* _Work item_
All of the data, word for word and free of pictures, is the expected result.

------ Recorded information ------

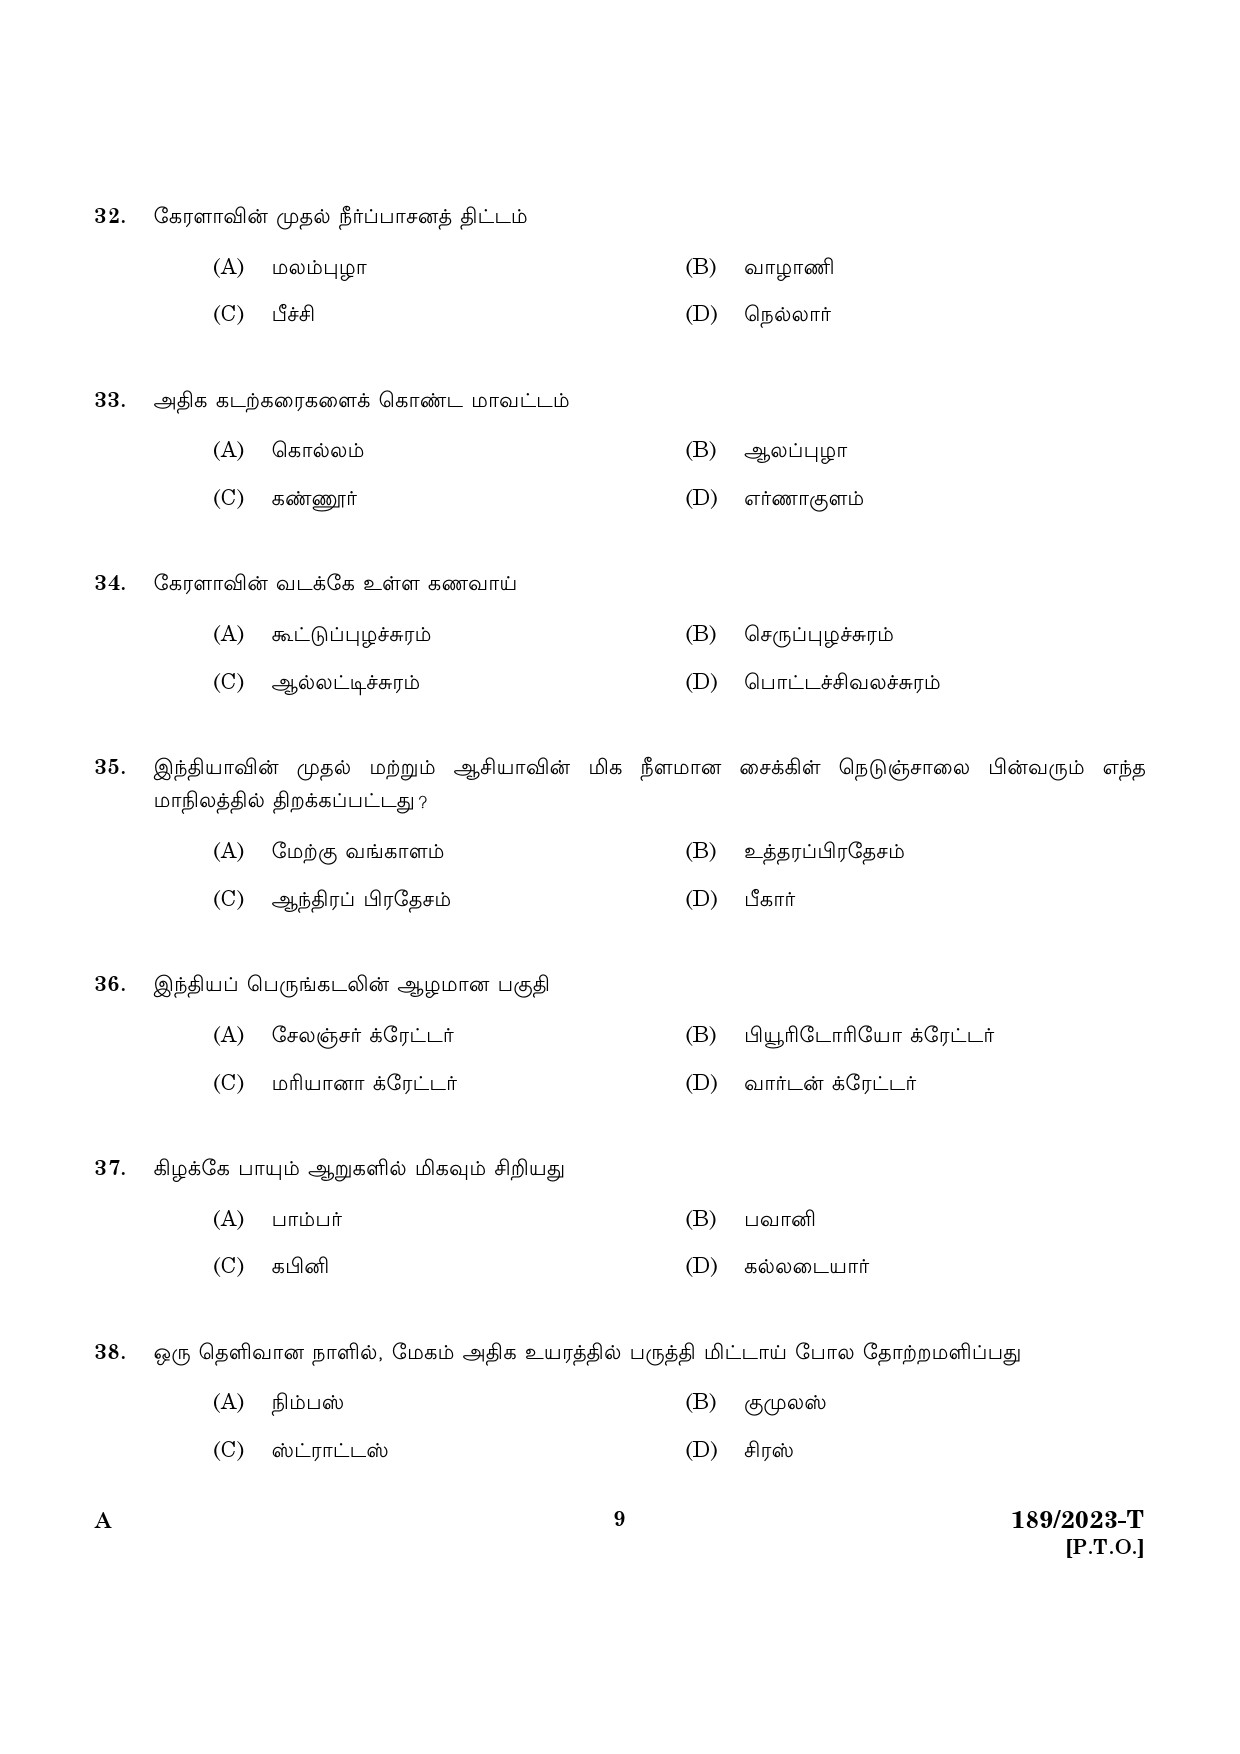 KPSC LGS Tamil Exam 2023 Code 1892023 T 7
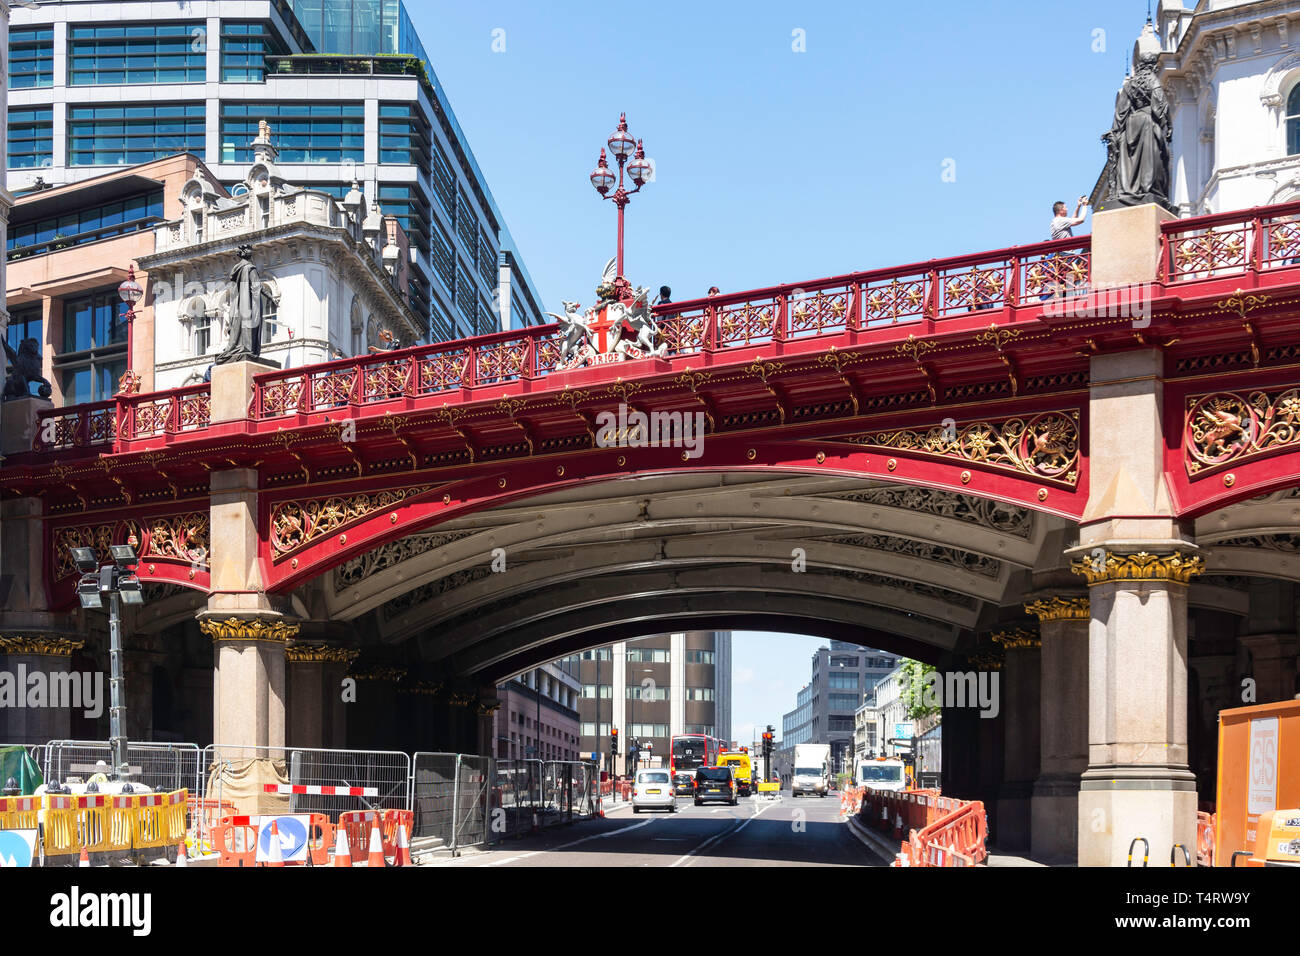 Pont routier de HOLBORN VIADUCT Farrington Street, Farringdon, Ville de London, Greater London, Angleterre, Royaume-Uni Banque D'Images
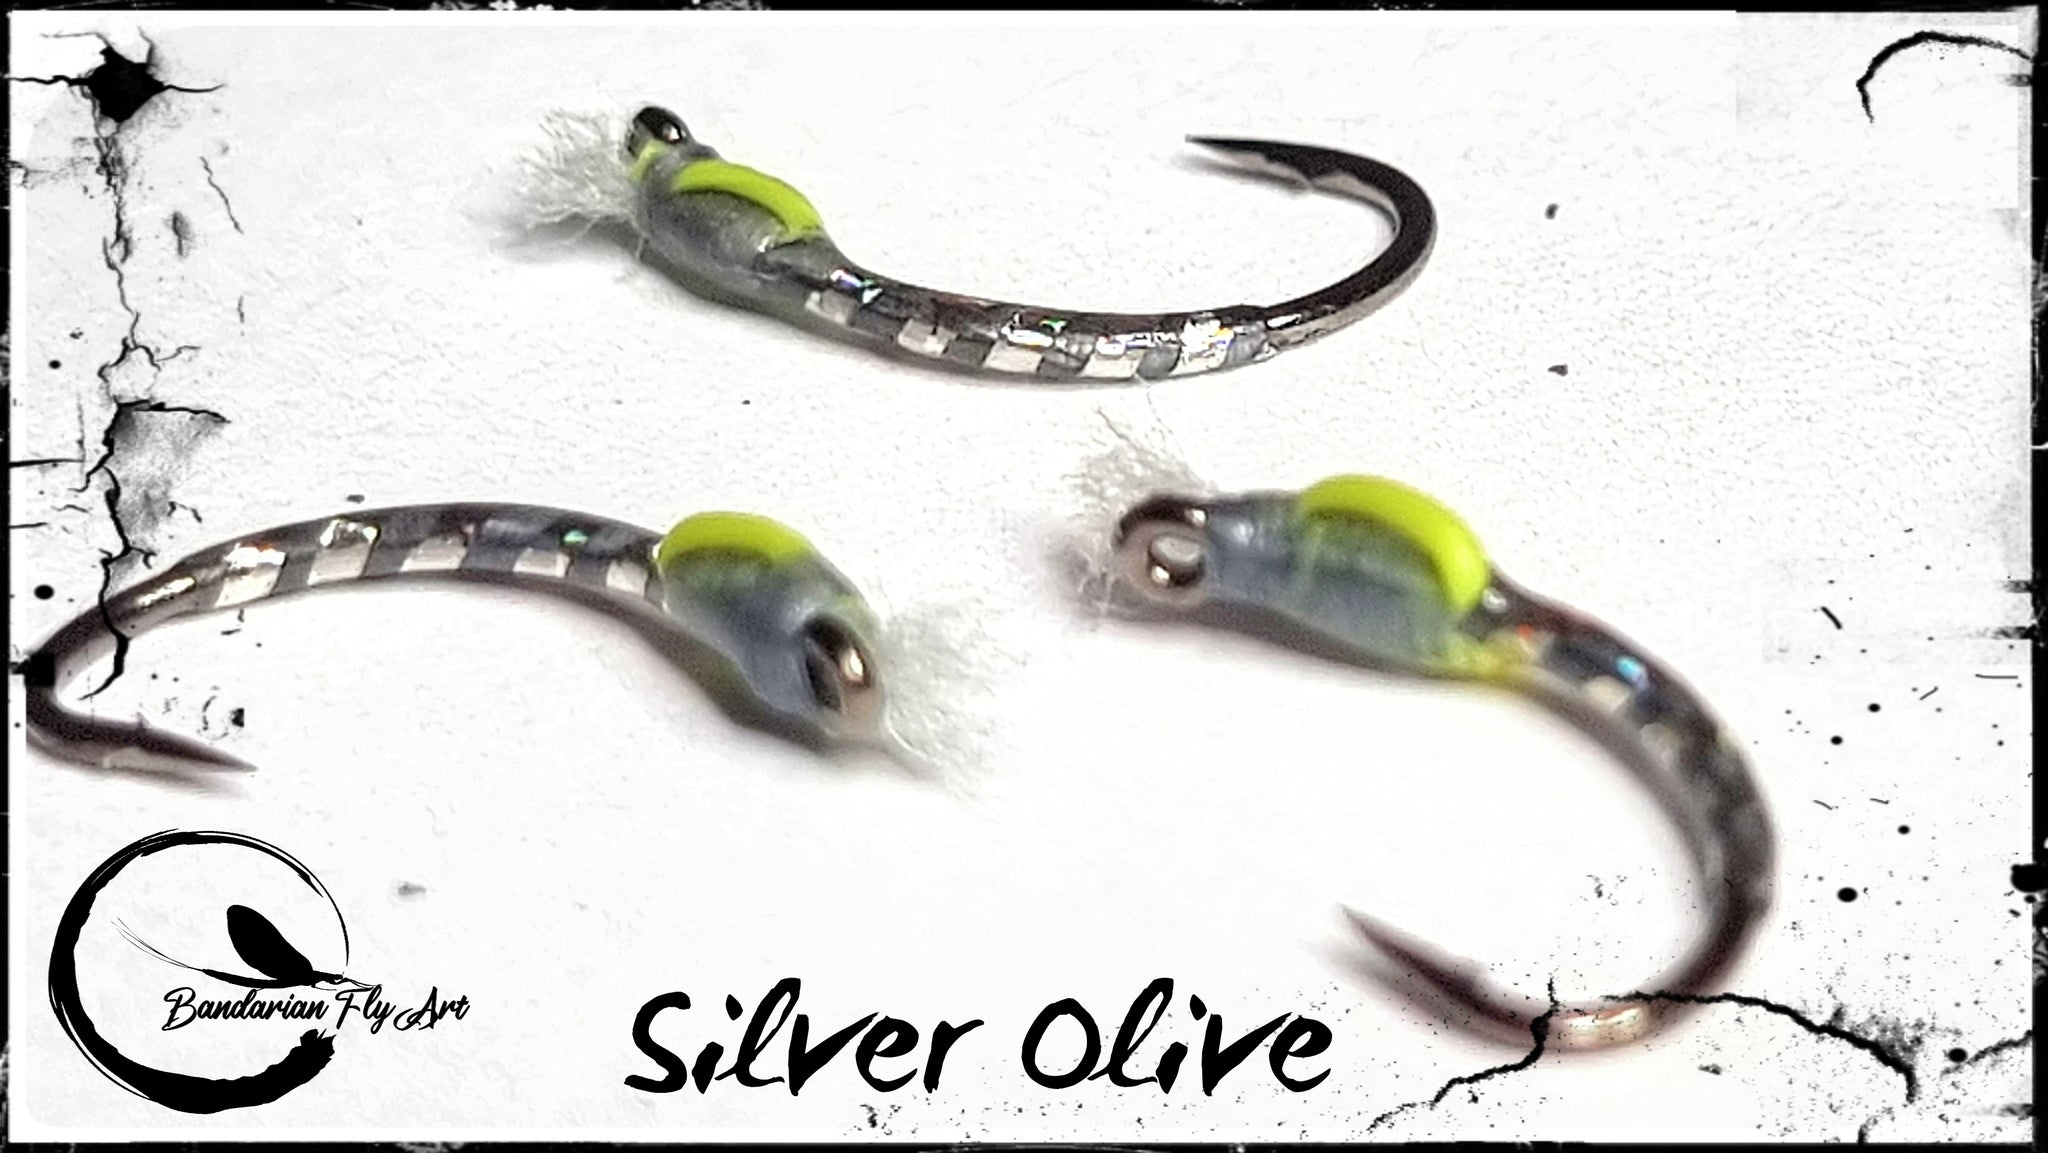 Buzzer - Silver Olive oförtyngd

------

* _Reply to the exercise_
 KPSC LGS Tamil Exam 2023 Code 1892023 T 7
 Pont routier de HOLBORN VIADUCT Farrington Street, Farringdon, Ville de London, Greater London, Angleterre, Royaume-Uni Banque D'Images
 Buzzer - Silver Olive oförtyngd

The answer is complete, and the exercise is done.